The law of conservation of momentum states that in a closed system, the total momentum before an event is equal to the total momentum after the event. This means that momentum is conserved and cannot be created or destroyed.

## How is momentum related to projectile motion?

Momentum plays a key role in projectile motion because it determines the direction and speed of an object's motion. As an object moves through the air, its momentum changes due to the forces acting on it, such as gravity and air resistance.

## How does mass affect momentum in projectile motion?

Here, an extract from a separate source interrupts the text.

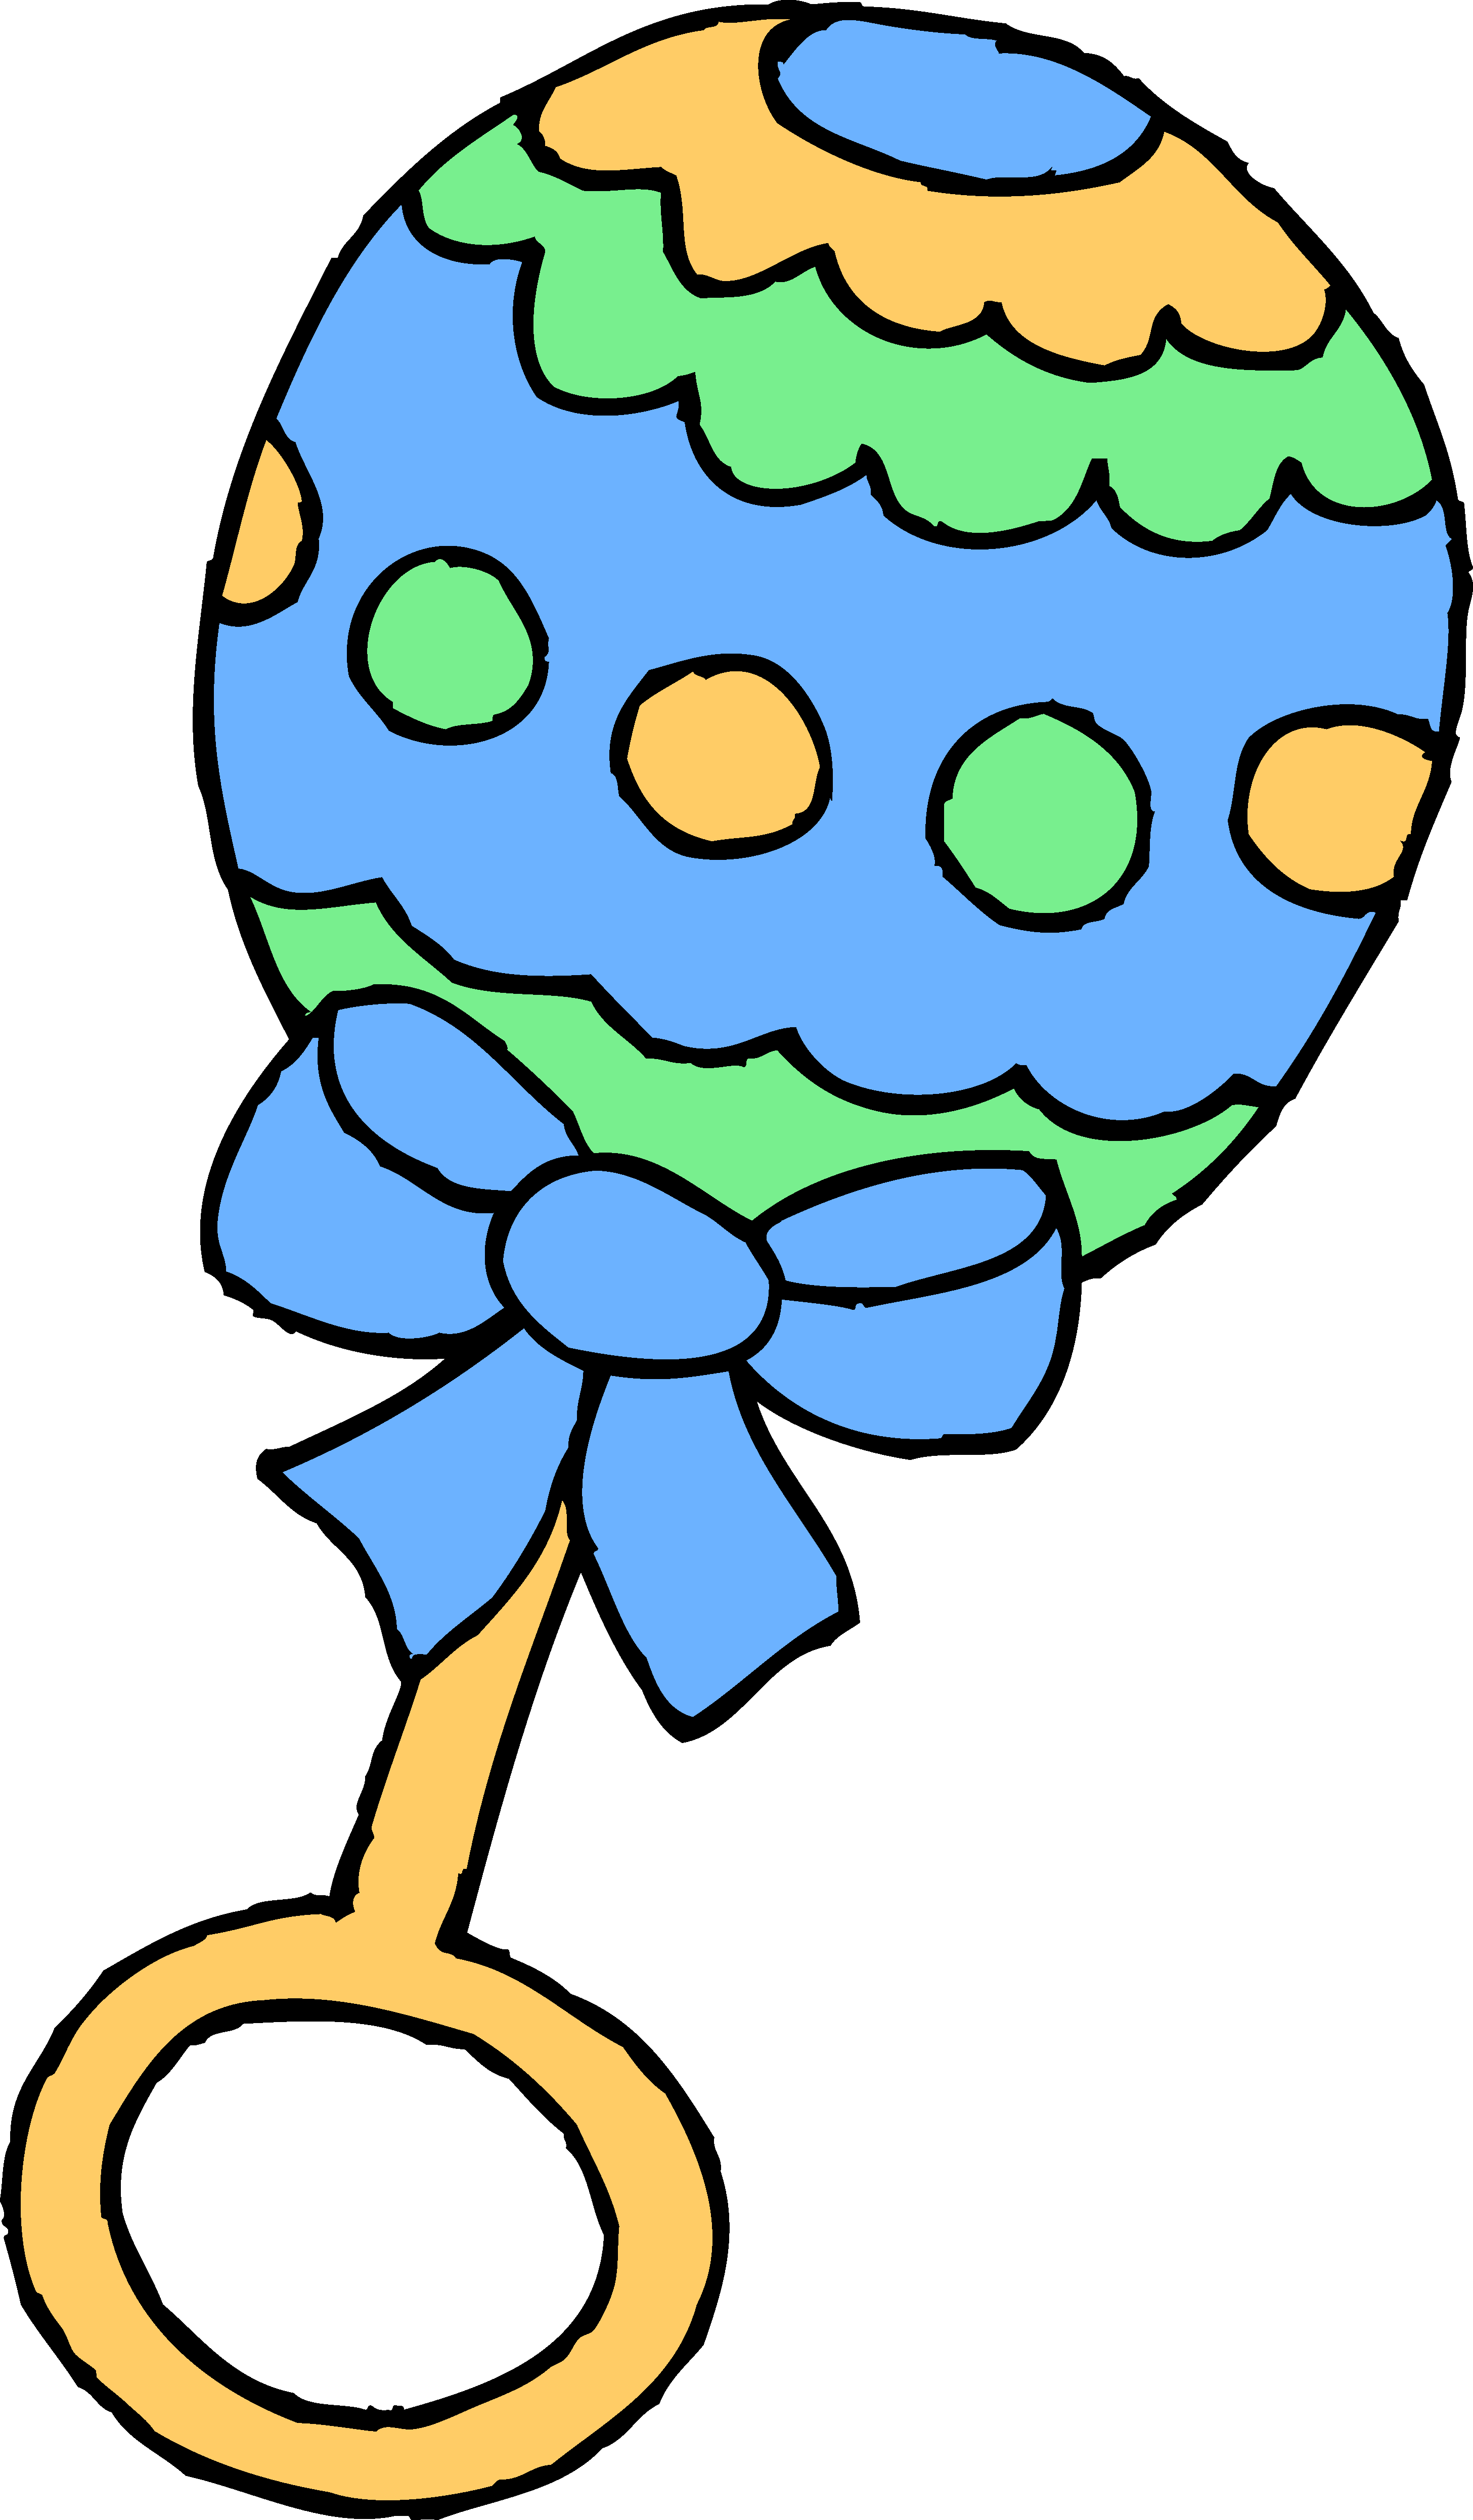 Blue clipart baby toy pencil and in color blue

Mass directly affects momentum in projectile motion. A heavier object will have a greater momentum than a lighter object moving at the same velocity. This is because momentum takes into account both an object's mass and its velocity.

## What is the relationship between momentum and kinetic energy?

Momentum and kinetic energy are closely related concepts. While momentum represents the quantity of motion of an object, kinetic energy represents the energy of motion. Both are affected by an object's mass and velocity, and they are both conserved in a closed system.